Уфф... Прямо чуть не зарезал, ей-Богу! А потом еще
ночью те же самые штуки... Вот же и связать тебя
пришлось, чтобы от греха подальше.
Авраам: Боже милостивый! Нет, не помню. И что
же, в самом деле зарезать тебя хотел?
Исаак: Да не просто хотел, а прямо чуть не
зарезал, чтоб я так был здоров! И что это на тебя
вдруг нашло, совсем не понимаю. Ну, а сегодня
вобще как, все в порядке?
Авраам: Да вроде бы ничего... только вот руки
затекли. Слушай, сынок, развяжи меня, пожалуйста,
а то уже просто нет сил терпеть.
Исаак: Извини, папа, сейчас вот с костром
управлюсь и моментально развяжу. А то все-таки
страшновато как-то: все-таки я как бы к тебе
спиной, а вдруг у тебя снова...
(Поворачивается к Аврааму
спиной и начинает разжигать костер.
В этот момент Авраам окончательно
освобождается от веревок) Авраам: Умри же,
непокорный сын!
(Хватает камень обеими руками и
швыряет его в Исаака, но попадает в плечо.

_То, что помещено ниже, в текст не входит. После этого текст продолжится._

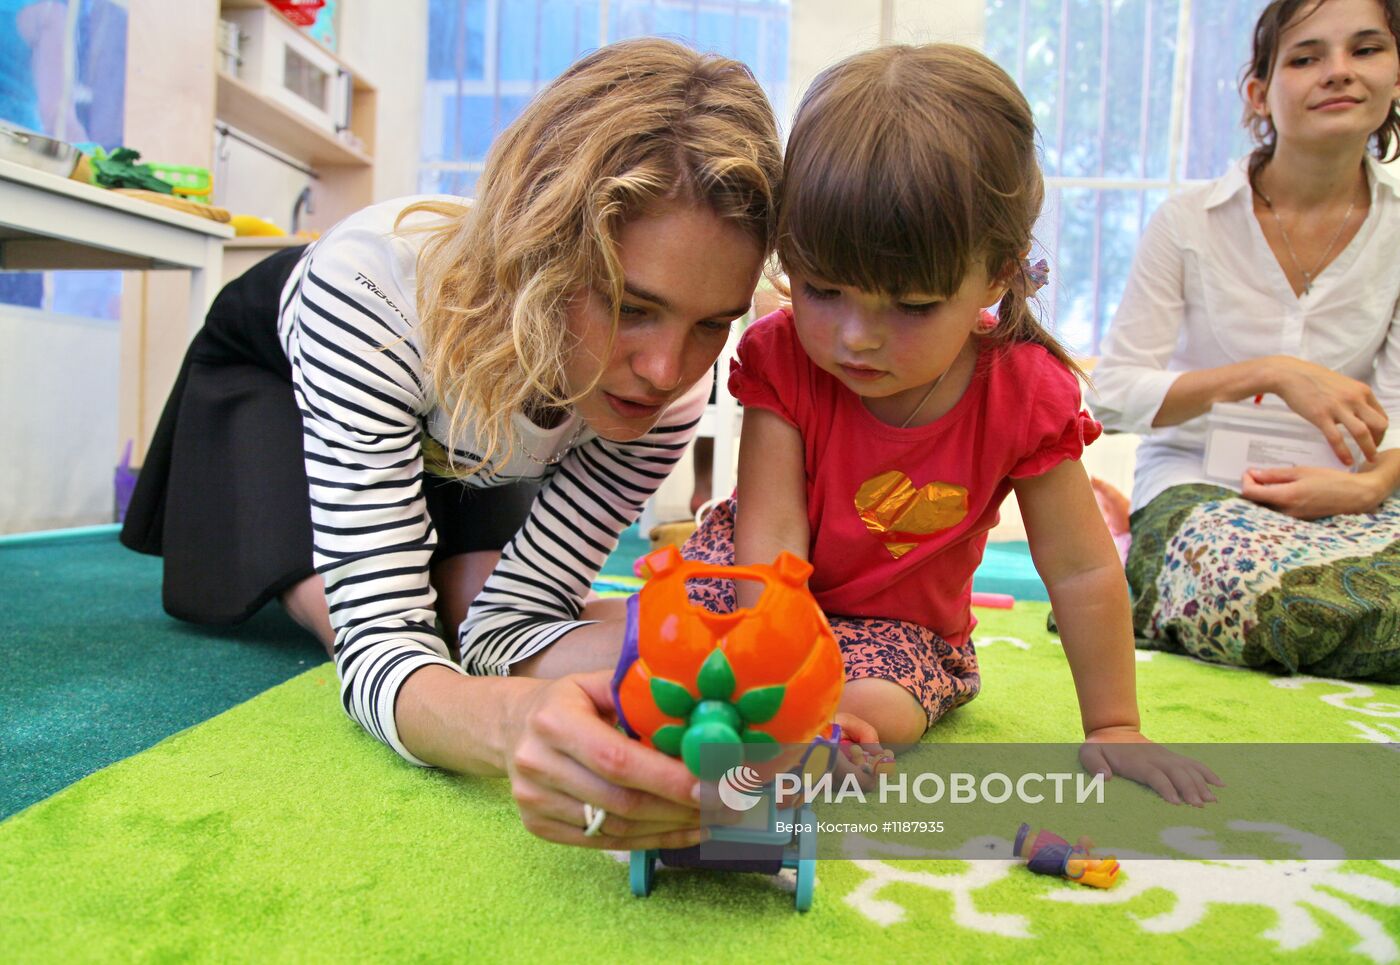 Топ-модель Наталья Водянова открыла детскую площадку в Крымске
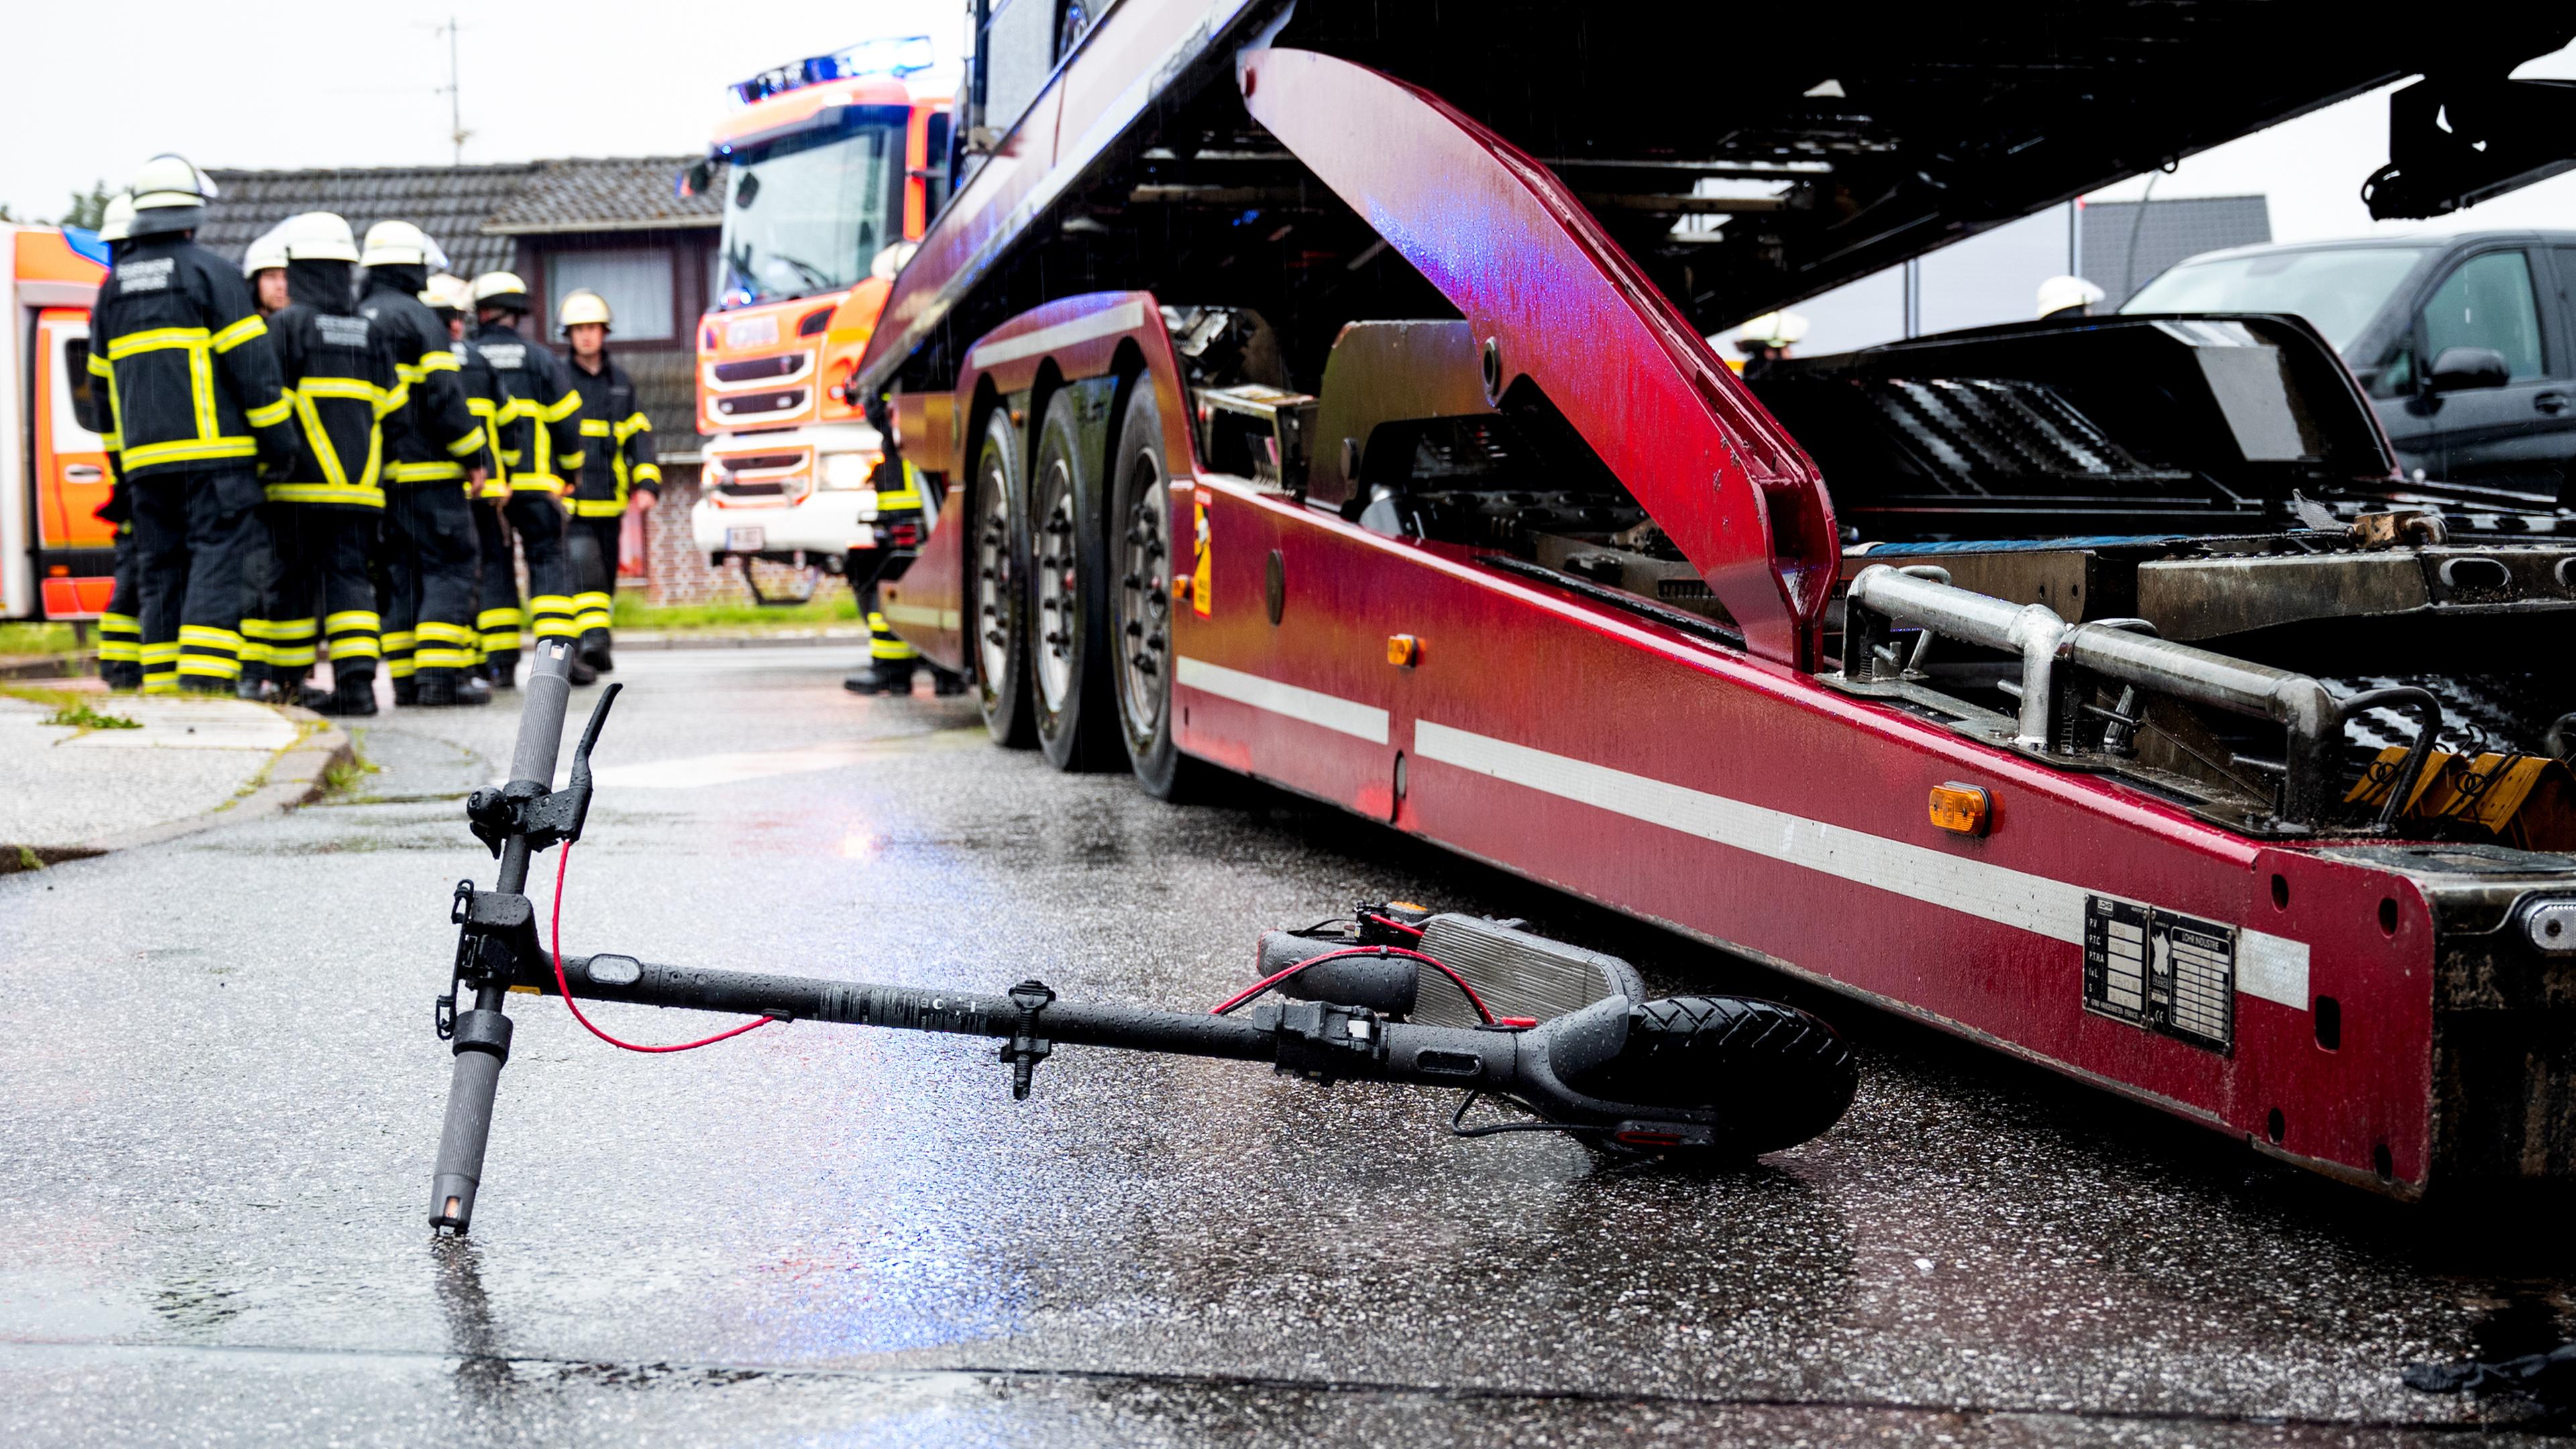  Ein E-Roller liegt an einer Unfallstelle neben einem Lastwagen.

Видя, что не смог сбить ИсаакА с ног, убегает
за декорации.)
Исаак: Папа, папа! Куда же ты? Постой!
(Бросается вслед за ним, но тут же
останавливается и возвращается к костру. Снова
складывает ветки, разжигает огонь, кипятит воду
для кофе и раскладывает на кожаной скатерти
завтрак: лепешки, сыр и т. д. При этом он
размышляет вслух)
Исаак: Сейчас вот кофе попьем и домой поедем.
Какого черта, спрашивается, было нам ловить в
этой идиотской пустыне? Три дня шли непонятно
куда, еще и дрова везли, потом поволокли эти дрова
на собственном горбу, и все в горы, в горы, в горы.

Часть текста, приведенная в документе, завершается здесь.